On April 6, two strong SS columns set out from Końskie to block crossings on the Czarna river. The first unit, heading toward Małachów and the Kamienny Krzyż forester's lodge, killed 11 men in Małachów, including eight villagers, two forest workers, and a passerby. That same day, the second column passed through the villages of Stadnicka Wola, Jelenia Góra, Niebo, and Piekło, executing 24 Polish men along the way. On April 7, SS men from the same unit killed five more people, including two children. Among the victims were three residents of Sielpia Mała. In this village, one farmstead was also burned.
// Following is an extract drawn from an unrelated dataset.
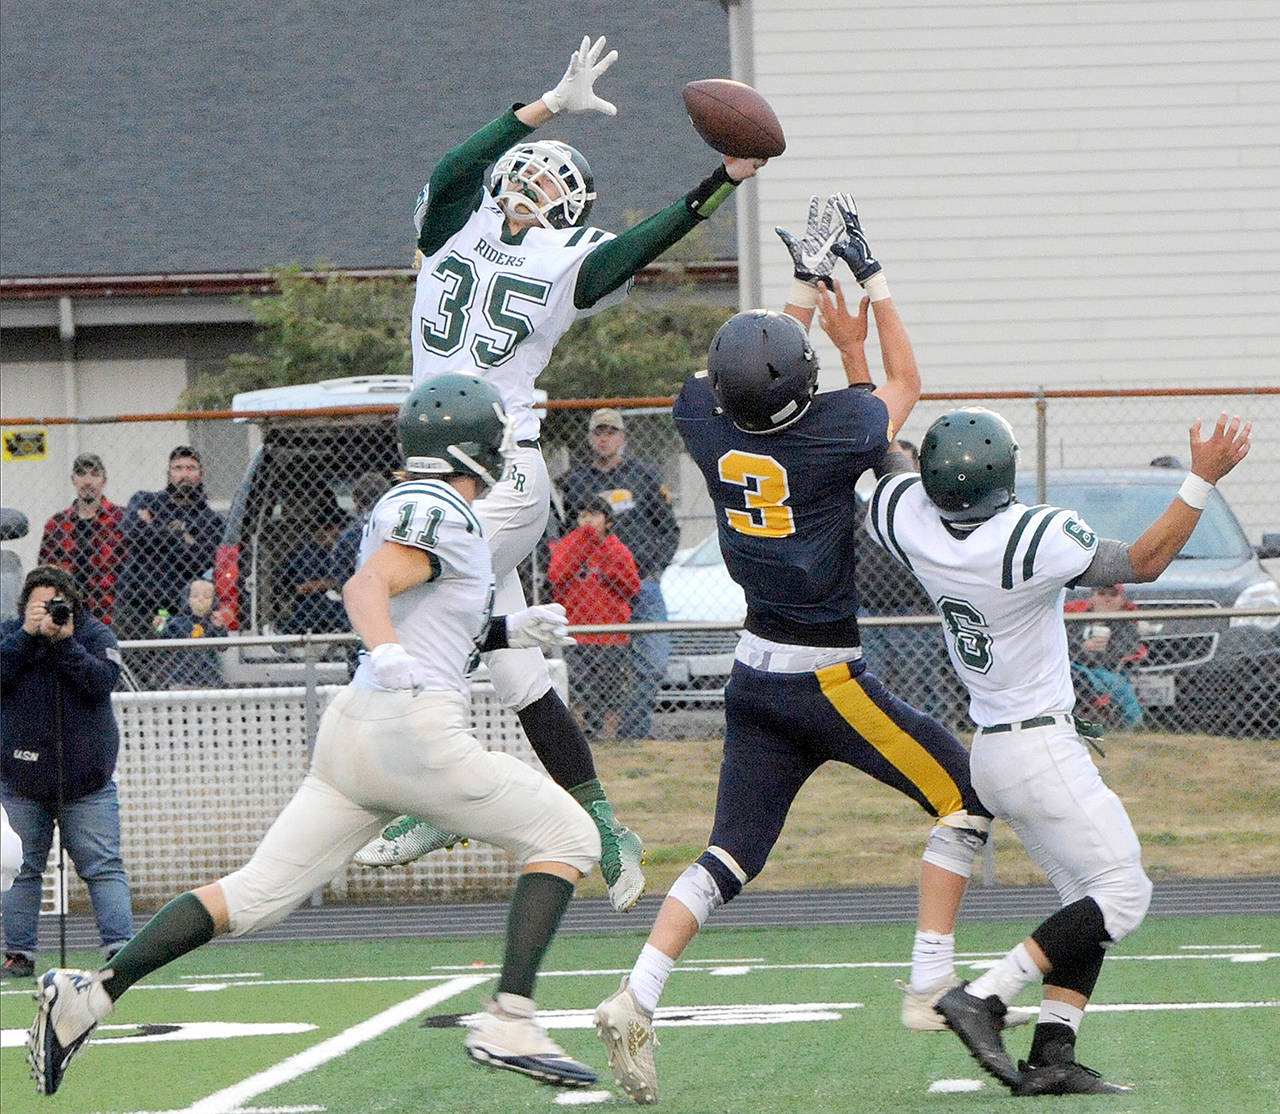 Lonnie Archibald/for Peninsula Daily News Port Angeles’s Derek Bowechop (35) leaps high to deflect a Forks pass in last season’s season opener. The two area teams will meet at Civic Field on Friday, Sept. 6.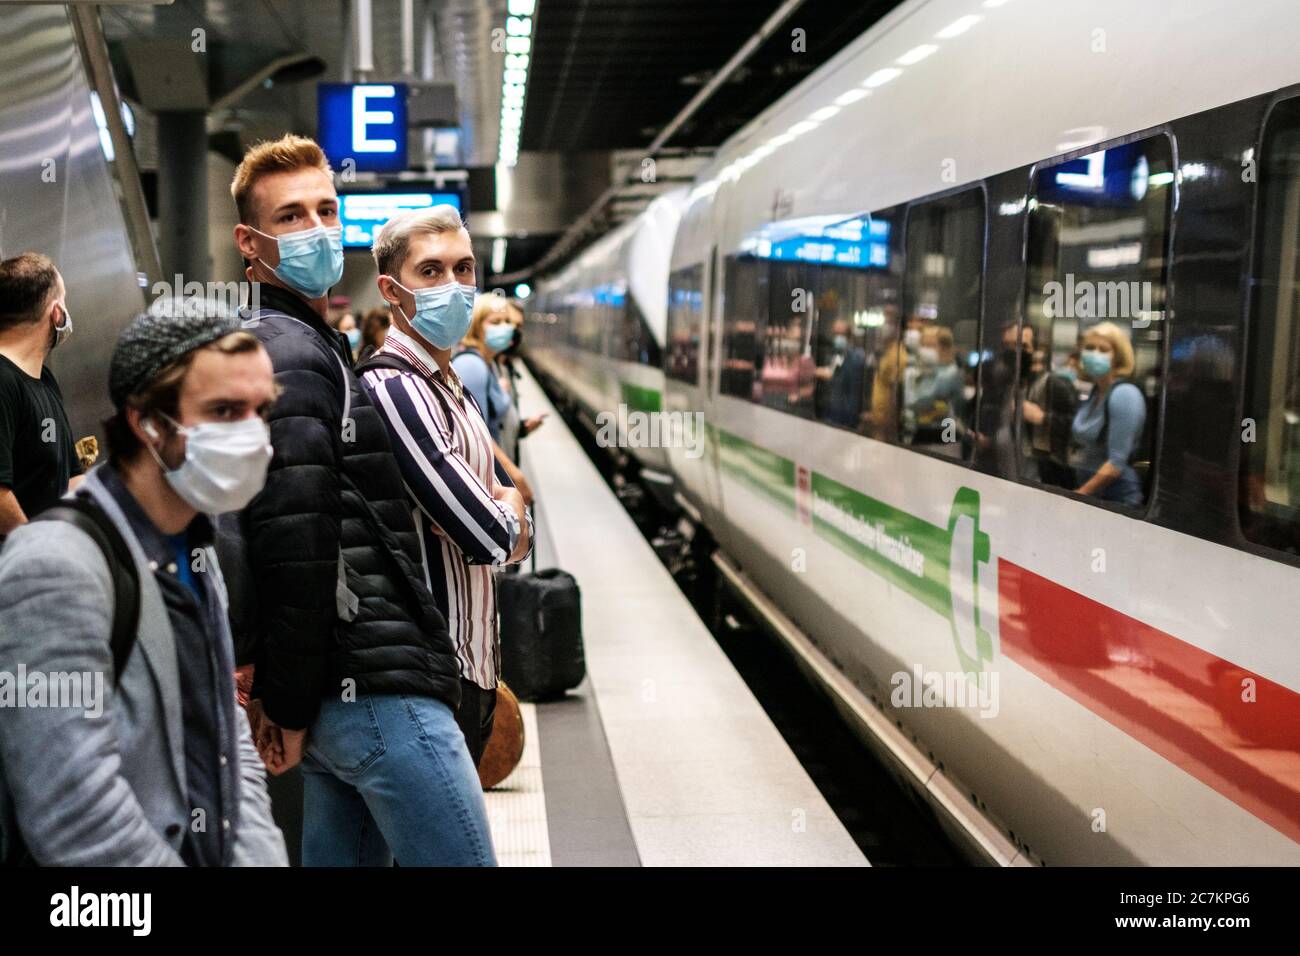 Berlin, Germany - July, 2020: People wearing mask waiting for ICE train on platform at station( Berlin Hauptbahnhof) Stock Photo

On April 7, the Germans made several raids deeper into the blockaded area. In the Krasna region, they burned the Adamek forester's lodge and murdered forester Konstanty Dutkiewicz. In Chyby and Baran, they killed two men and burned a farm and a barn. Additionally, about 100 men were arrested in these villages and taken to prison in Kielce. However, the worst crimes occurred in Adamów and Królewiec. In Adamów, the Germans burned several farms, shot two men, and arrested most of the remaining inhabitants. The detainees were marched to Smyków, where five men were killed along the way, and two more were wounded. Meanwhile, in Królewiec, the Germans set up firing positions from which they shelled nearby villages and hamlets. At one point, SS-Hauptsturmführer Stanfer, commander of the 7th Company of the 8th SS-Totenkopf Regiment, was killed by a stray bullet. His comrades believed he was shot by a Polish sniper, prompting the German command to order a retaliatory pacification. All conscription-aged men in Królewiec were arrested and marched to Smyków. At the same time, SS men burned Królewiec and set fires in several nearby hamlets (Zastawie, Podzastawie, Piaski Królewieckie). Later that day, nearly all of the detainees from neighboring villages were executed in a field and forest near Smyków. The pacifications of Adamów and Królewiec claimed 83 lives: 61 residents of Królewiec, 18 from Adamów, and one each from Chyby, Muszczarz, Piaseczno, and Znajoma. The Germans also burned 55 farms, including most of Królewiec's buildings. The crimes were committed by soldiers of the 7th and 8th Companies of the 8th SS-Totenkopf Regiment, commanded by SS-Oberführer Leo von Jena.

On April 8, two strong columns of SS men, policemen, and members of the Selbstschutz entered the blockaded area. The manhunt affected villages already pacified in previous days (Królewiec, Adamów, Chyby), but bypassed Miedzierza, Komorów, and German-occupied villages along the perimeter of the triangle. In the forest near Błotnica, the Germans shot three men returning from church, including a 14-year-old boy. From 15 villages and an indeterminate number of hamlets, they rounded up all the men (from 1,500 to 2,000 people), gathering them at assembly points in Pieradła, Serbinów, Smyków, and Zaborowice. During the operation, the detainees were beaten and terrorized – some had mock executions staged, were photographed holding weapons, and were threatened with the harshest penalties for aiding "bandits". At the assembly points, the Germans checked the detainees' identities, trying to identify Jews, village heads, teachers, members of the Military Training Corps, small traders, and those registered for less than three months. Most of the detainees were eventually released. However, about 100 men, including all those captured in Królewiec (over 20), were taken to Skarżysko-Kamienna and imprisoned in a school-turned-jail in Bzin. After the manhunt ended, the blockade was lifted.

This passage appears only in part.